Une génération bien sensibilisée au handicap

« On retient de cet échange que le handicap n’est pas forcément un frein, qu’on peut réussir dans un sport et dans la vie tout court malgré son handicap. », concluaient Ismaël et Mehdi, élèves en 5e au collège Germaine-Tillion à Livry-Gargan. Erwan, scolarisé en classe Ulis dans ce même établissement (une classe pour élèves ayant des handicaps et intégrés sur certaines matières au tronc commun) repartait de là avec l’envie de se mettre éventuellement au foot. « Je trouve que cette génération est relativement bien sensibilisée au handicap, je les vois plutôt solidaires entre eux. Là où il faut progresser, c’est sur les aménagements urbains : la voirie et les transports, notamment », appelait de ses vœux Yamina Khelfet, coordinatrice Ulis à Germaine-Tillion.

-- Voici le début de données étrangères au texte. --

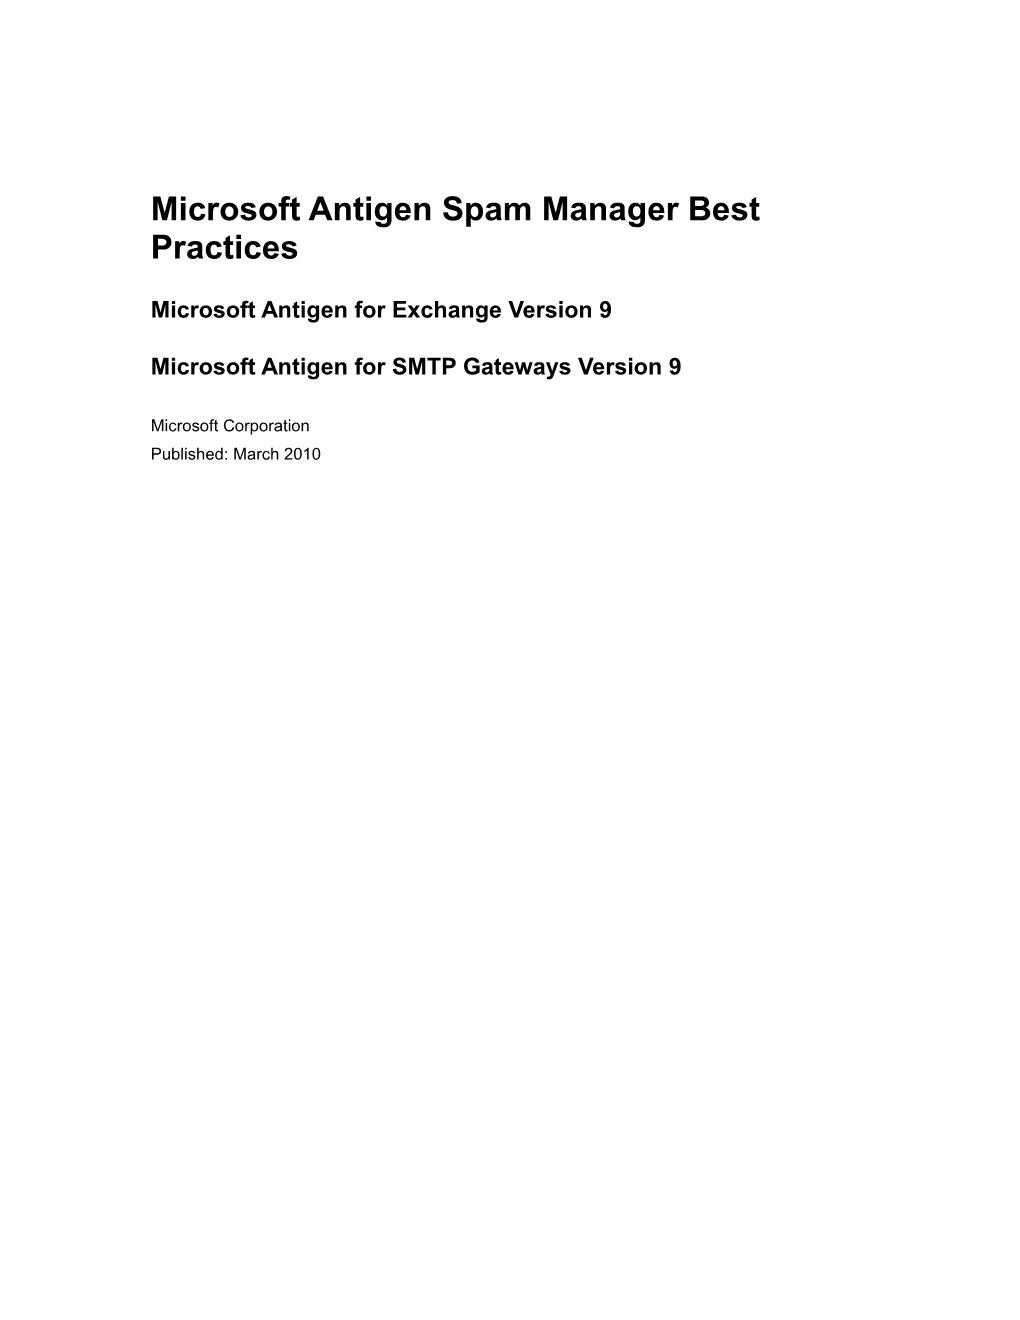 Microsoft Antigen Spam Manager Best Practices

« Moi en tout cas, j’aimerais pouvoir voir les épreuves de para-athlétisme au Stade de France lors des Jeux paralympiques. C’est pas loin de chez moi », songeait Ismaël qui prêtait une oreille attentive quand on lui apprenait que les championnats du monde de para-athlétisme auront déjà lieu l’année prochaine au stade Charléty.